Tuesday, 29 September 2009

Training....

After the pain of missing the marathon and the weeks of injury it was important to learn the lessons from the injury, and I hope I have. From what I have read on the internet and what I've been told tendonitis is mainly an overuse injury, if a guy has it in his wrist there is a fair chance he's been choking too many chickens. In my case it seems I was doing too many miles on hard ground, my PB half marathon and the lack of a good rest afterwards was the tipping point, my leg said it couldn't take any more.

The lesson I've learnt is that I have to mix up my training, add in different activities so that different parts of my body pick some of the slack. Before the injury I stopped playing football, using my bike, swimming, trekking, all so that I could focus on my running. It is easy to do, if you download almost any marathon or half-marathon training programme there is no space for anything but running, you focus on the weekly mileage which leaves no energy for anything else. Then when you do pick up an injury and miss a couple of weeks of training there is no mention in these training programs of where you should start when you get back, so with the aim of getting your long run close to a full marathon you do more miles than before you got injured, putting even more pressure on your body.

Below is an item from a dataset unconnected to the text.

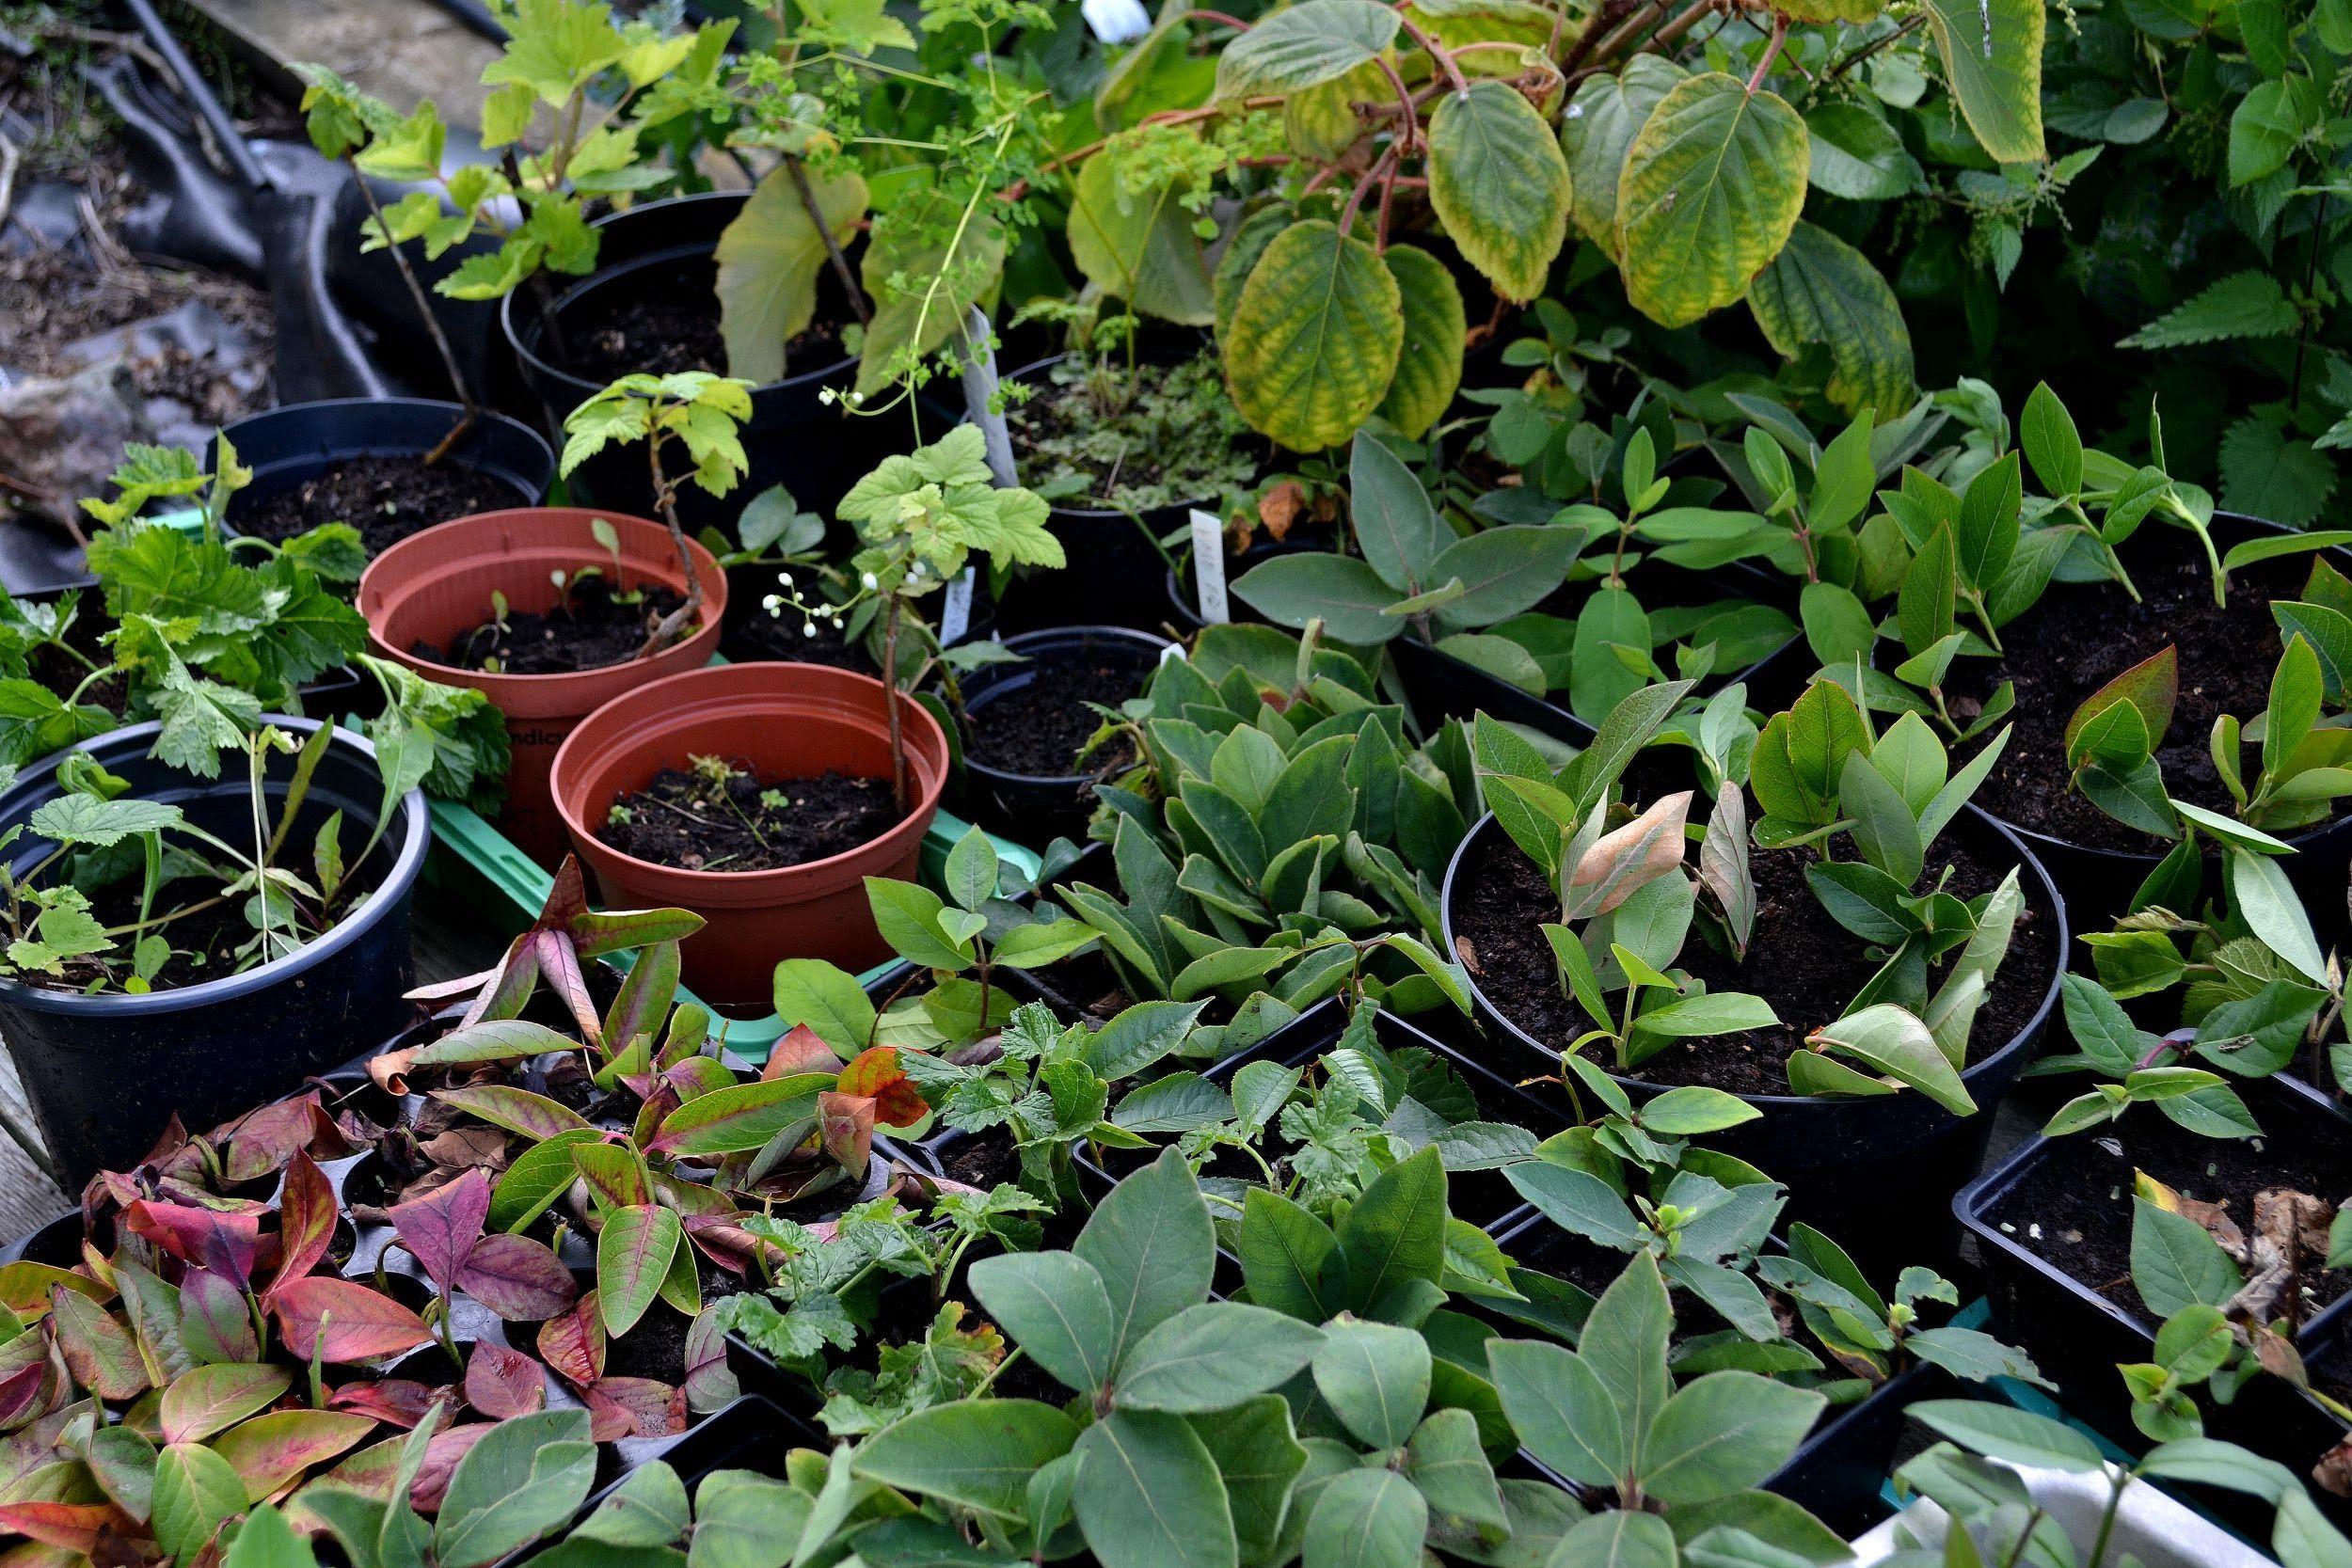 Gör många nya bärbuskar till dig själv eller ge bort plantor till någon du gillar. Så här förökar jag bärbuskar genom sticklingar. Bär och frukter jag odlar ...

I'm taking the main principals from internet training plans, namely:
  • Gradually building up my Sunday morning long run until I'm comfortable running 20+ miles about 3-4 weeks before D-day.
  • Tapering in the last couple of weeks, so I'm feeling strong on race day.
  • Occasional training sessions running up hills and doing speedwork. 
And the differences, cross-training, flexibility and reliance on my own common sense rather than a one size fits all program. I'm not suggesting for a moment that I know more than the coaches and experienced runners writing training programs, just that I want a training program that fits around me and not me fitting around it, and that's impossible unless I do it my own way. We'll see how it works out!

Saturday, 26 September 2009

Why blog?

In October 2008 I learnt that I had been lucky enough to win a ballot place in the London marathon 2009 at the first time of asking. At that point I'd been running regularly for almost a year and having completed two half-marathons I was looking forward to the prospect of testing myself over 26.2 miles (42.2 km).

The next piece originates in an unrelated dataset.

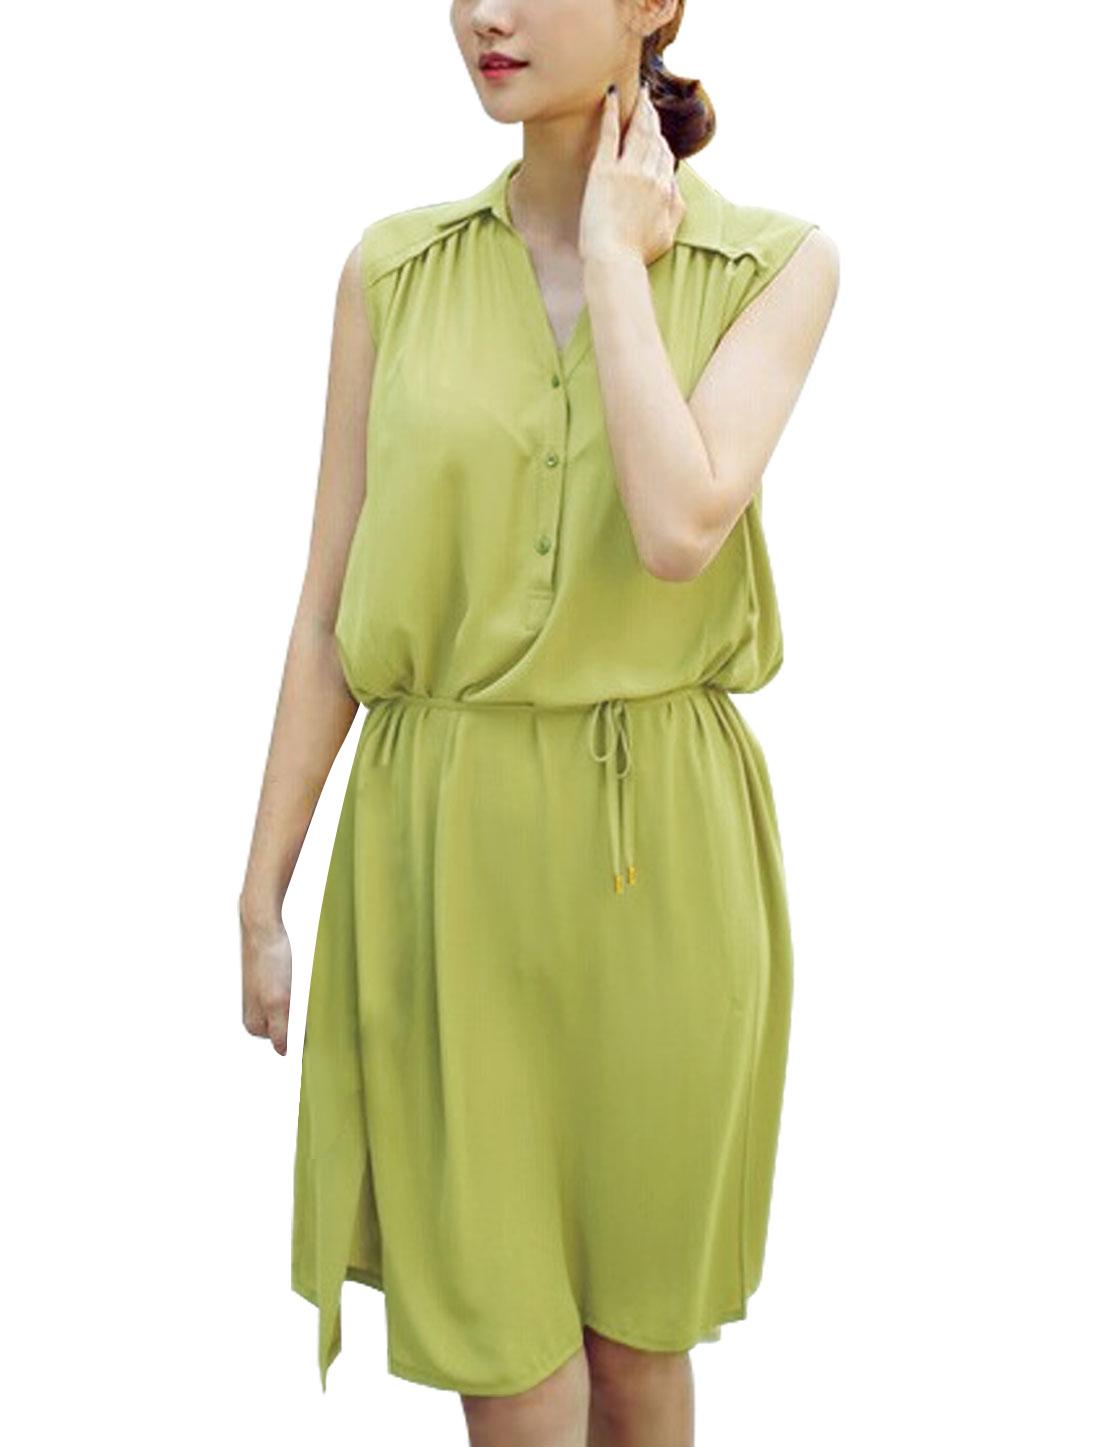 Lady's Sleeveless Self Tie Strap Waist Split Side Unlined Chiffon Dress Green M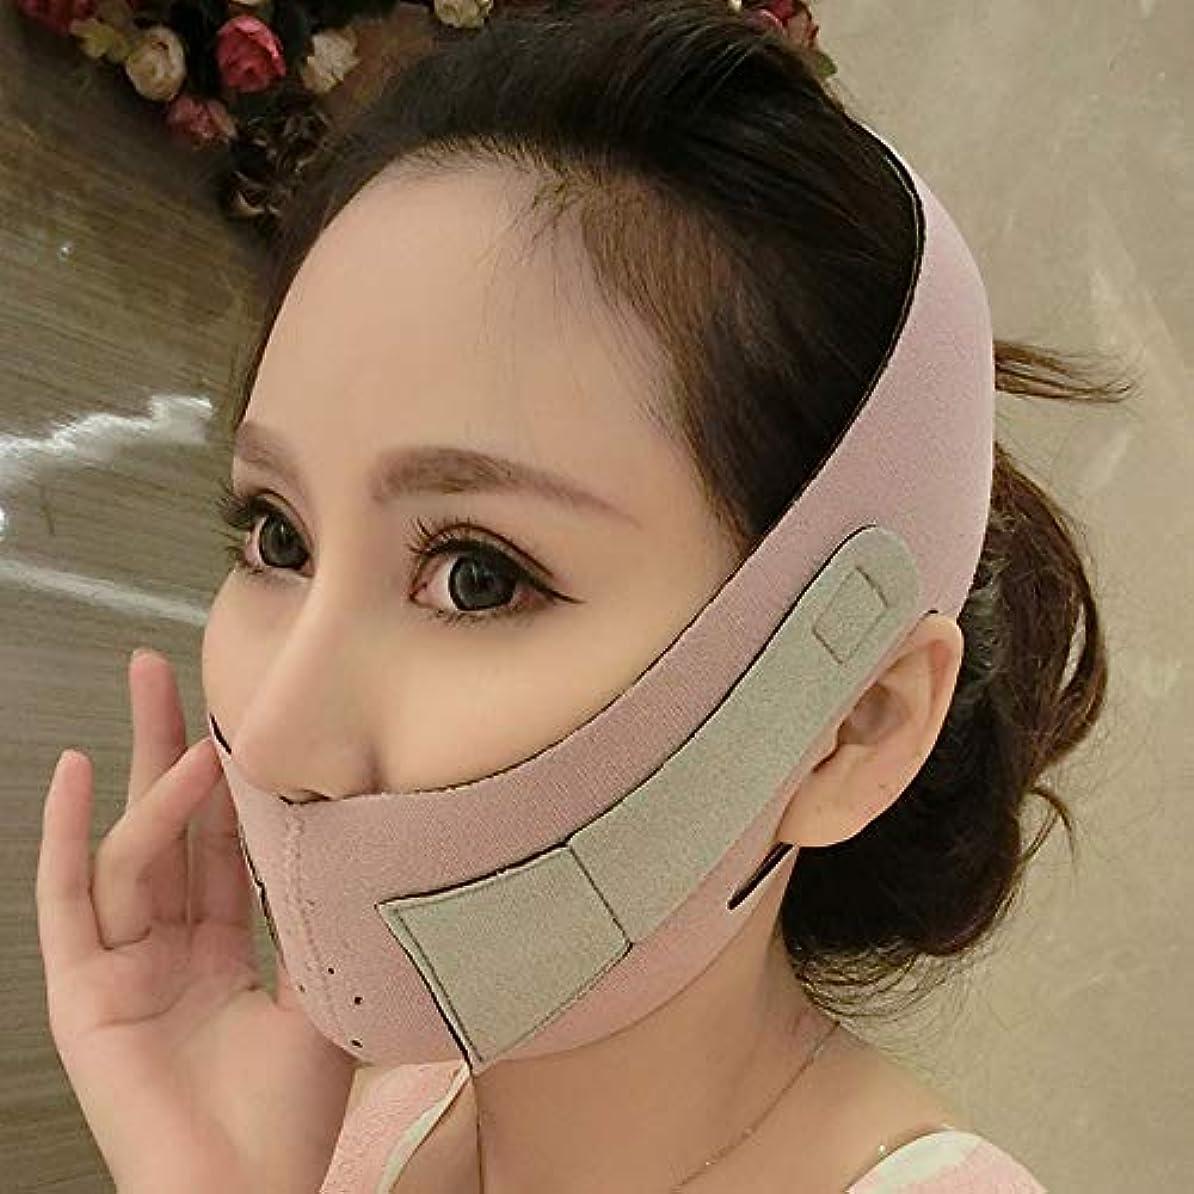 リマーク深さリフトシンフェイス包帯シンフェイスマスクフェイスリフトアーティファクトレイズVフェイスシンフェイスフェイスリフティング美容マスク小フェイス包帯 (色 : B)

The training program started in earnest almost immediately, after a couple of setbacks things appeared to be on track in the first couple of months of 2009, a half two minutes off my PB in January was a good sign, while as the training went on I seemed to be getting stronger. This showed when I ran another half at the beginning of March, just six weeks before D-day I knocked almost a minute from my half-marathon PB (1:32:06).

But this was when things took a turn for the worse. Two days later I went out for a training run, I was aiming for 10 miles. As soon as I started I felt pain in my right shin, but I thought it was one of those things that would just fade away once I ran a couple of miles. I ran six miles with the pain growing and growing until I could go on no longer. I walked/limped the remaining four miles home just thinking it was a severe cramp, a delayed response to the half marathon.

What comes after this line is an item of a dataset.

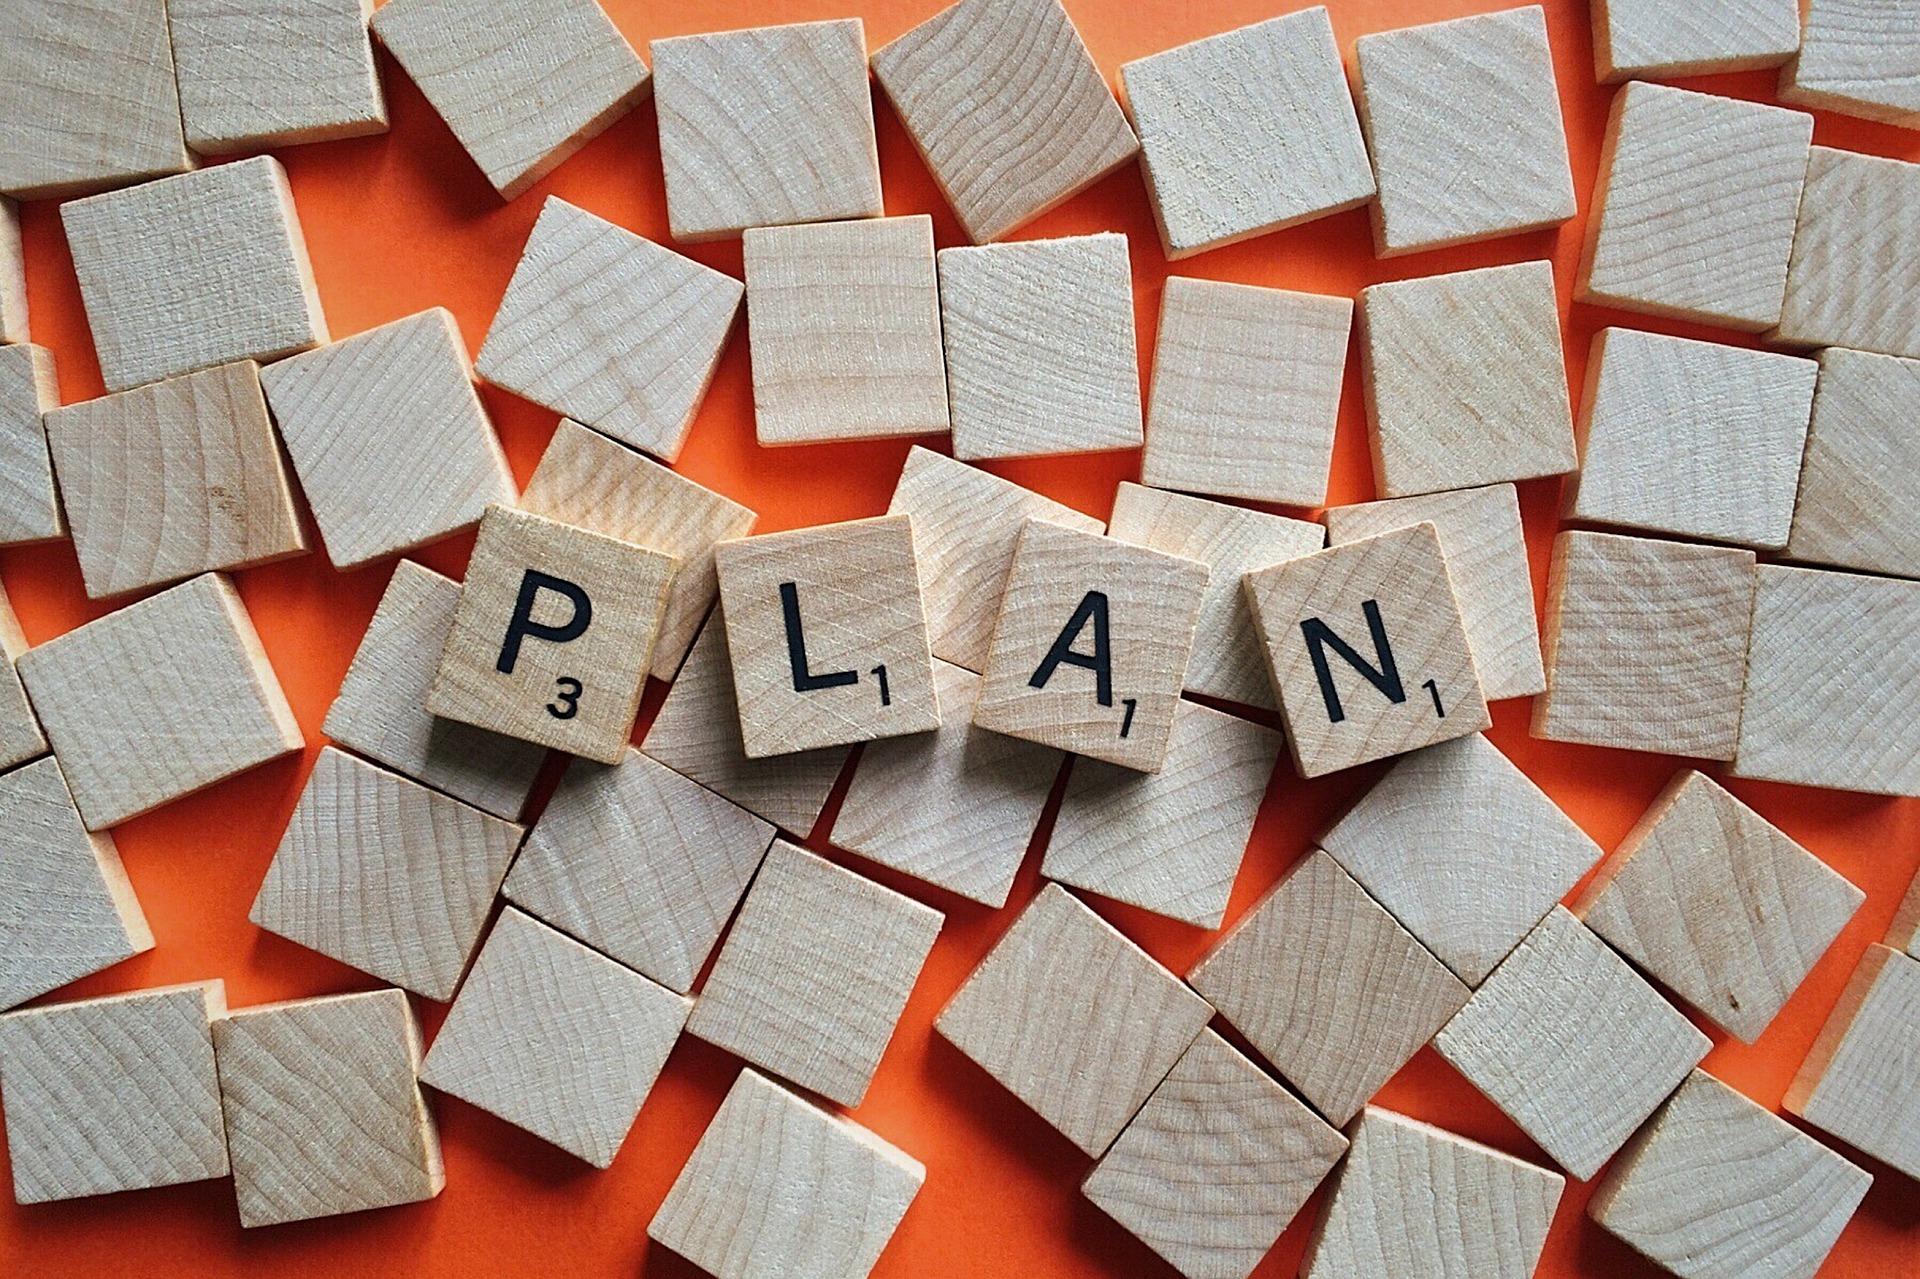 plan_image.jpg

I rested for a week, couldn't run, another week, still couldn't run, went to the Doctor who told me it was a tendonitis and to take anti-imflamatories for at least two weeks and to rest completely, which would leave just two weeks to the marathon. At that point I was thinking it would be very difficult to do the marathon with the big hole in my training, but that I would give it a good go.

However, it turned out it wasn't to be, the two weeks passed and still I couldn't run. For the last two weeks before the marathon I went to bed hoping I would wake up the next day ready to run, but it didn't happen. I went to London and watched the race pass me by, it wasn't my year.

But I could look forward to 2010, I deferred my place, which I can only do once, so 2010 has to be the year. After the ups and ultimate down of preparations for 2009 and with my injury problems now behind me (touch wood), I wanted to keep a record of the ups and downs of 2010 so that others can know exactly what it took to get me to the finish line on 25th April 2010.